Parallel Decoding via Text Diffusion
DiffusionGemma departs from the standard autoregressive paradigm—where tokens are generated sequentially, one at a time—by utilizing text diffusion. Inspired by image generation models, it begins with a canvas of random placeholder tokens and iteratively refines them in parallel. This approach allows the model to finalize approximately 15–20 tokens per forward pass, significantly increasing throughput on dedicated GPUs.
Architecture and Performance
Built on the Gemma 4 26B-A4B backbone, the model is a Mixture of Experts (MoE) architecture that activates only 3.8B parameters during inference. Key technical features include:
- Bidirectional Attention: Unlike autoregressive models restricted to causal (backward-looking) attention, DiffusionGemma uses bidirectional attention during denoising, allowing tokens to attend to the entire sequence.
- Self-Correction: The model can re-noise and refine low-confidence tokens during the denoising process, a capability impossible in standard autoregressive decoding where tokens are committed once generated.
- Hardware Utilization: By shifting the bottleneck from memory bandwidth to compute, the model achieves 1000+ tokens per second on an NVIDIA H100 and 700+ tokens per second on an NVIDIA GeForce RTX 5090.
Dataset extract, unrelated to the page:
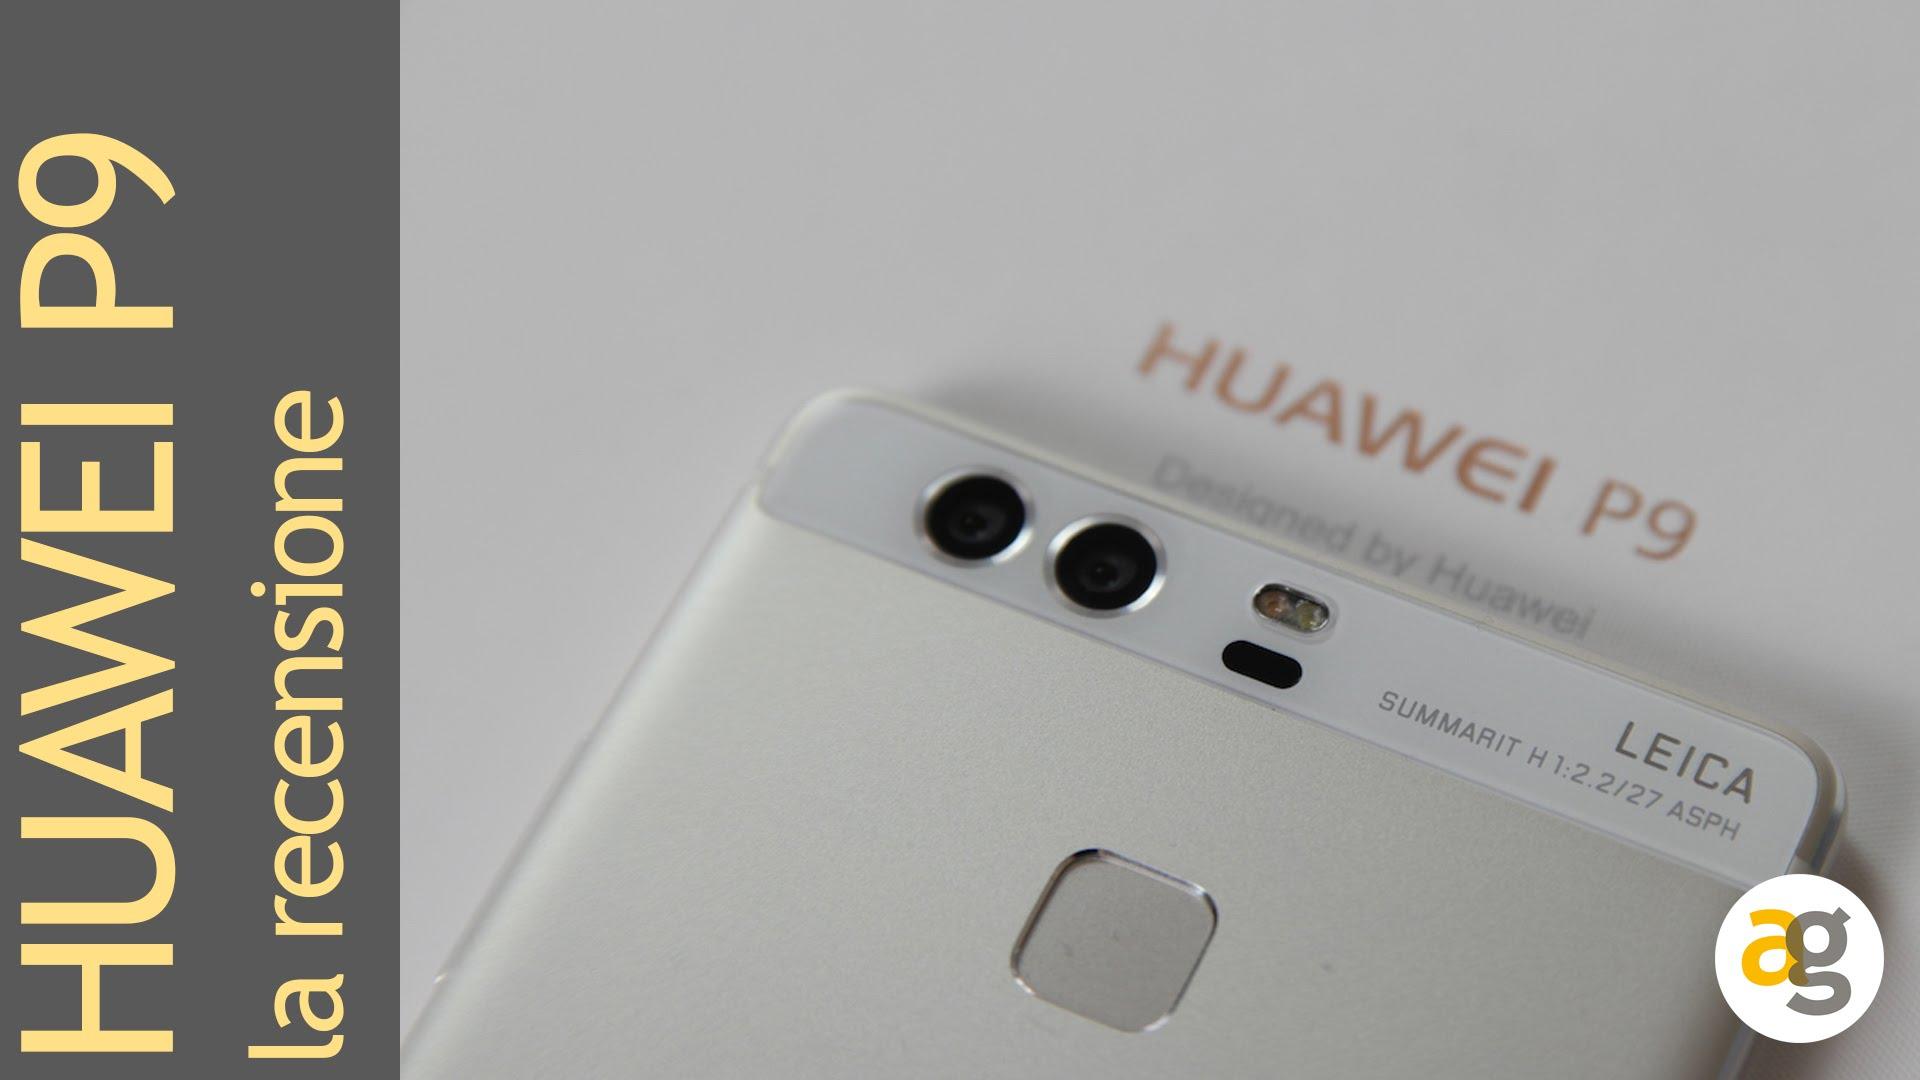 Huawei P9 La Recensione Andrea Galeazzi
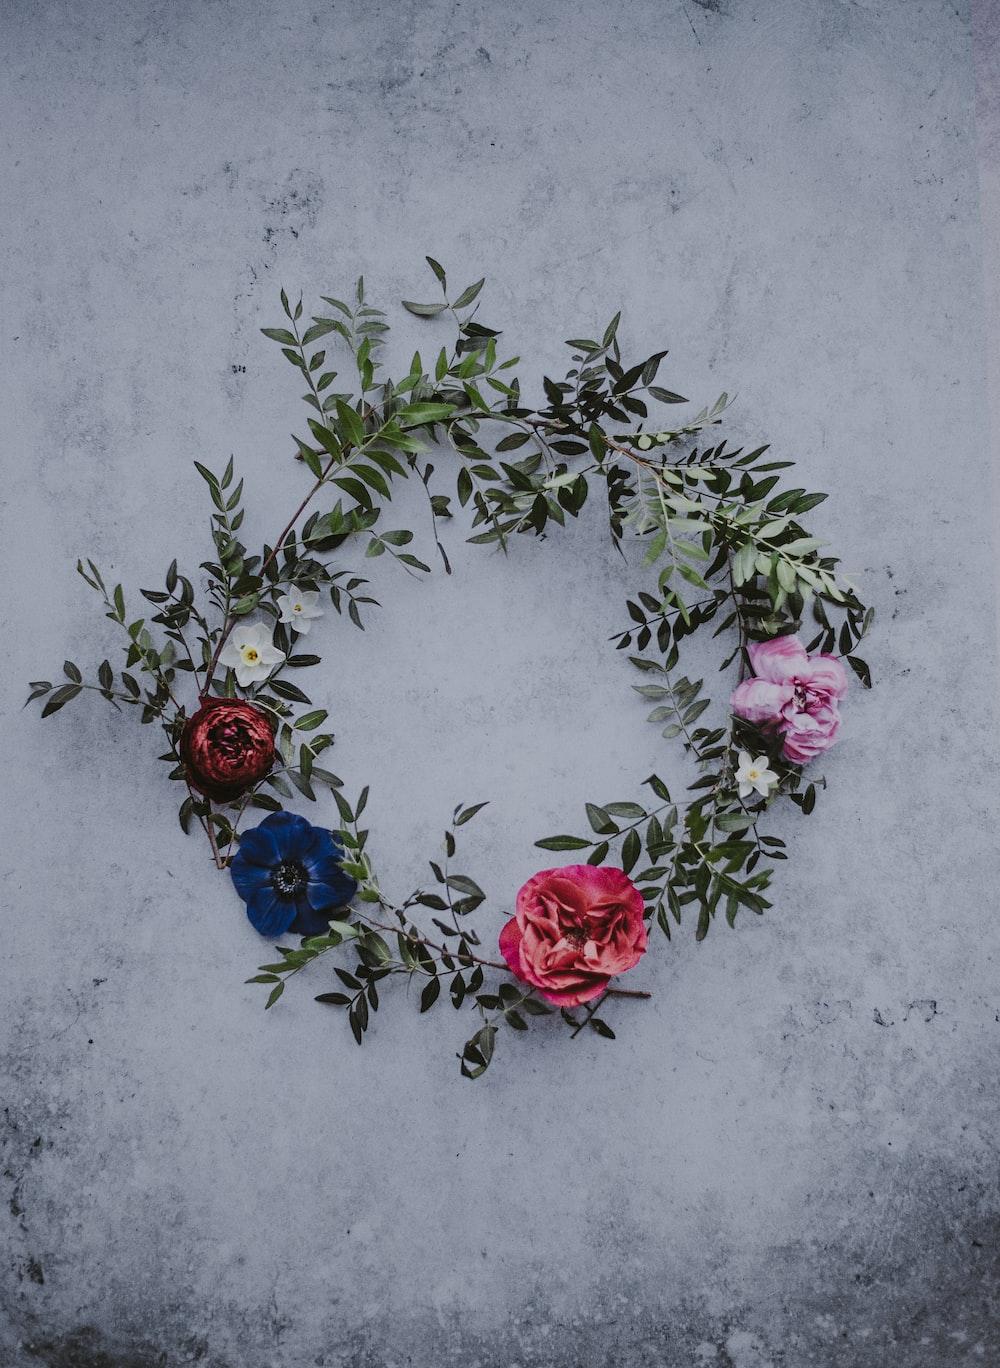 Floral Wreath Photo By Annie Spratt Anniespratt On Unsplash

- Hybrid Inference: For longer sequences, it employs 'Block Autoregressive Diffusion,' where 256-token blocks are denoised in parallel and then committed to the KV cache before starting a new canvas.
Trade-offs and Use Cases
Google explicitly positions DiffusionGemma for local, low-latency, single-user workloads like in-line editing and rapid iteration. It is not intended to replace standard autoregressive models for high-quality production tasks, as its overall output quality is lower. Furthermore, the speed advantages diminish in high-concurrency cloud environments where autoregressive models already saturate compute resources efficiently. When quantized, the model fits within 18GB of VRAM, making it accessible for high-end consumer hardware.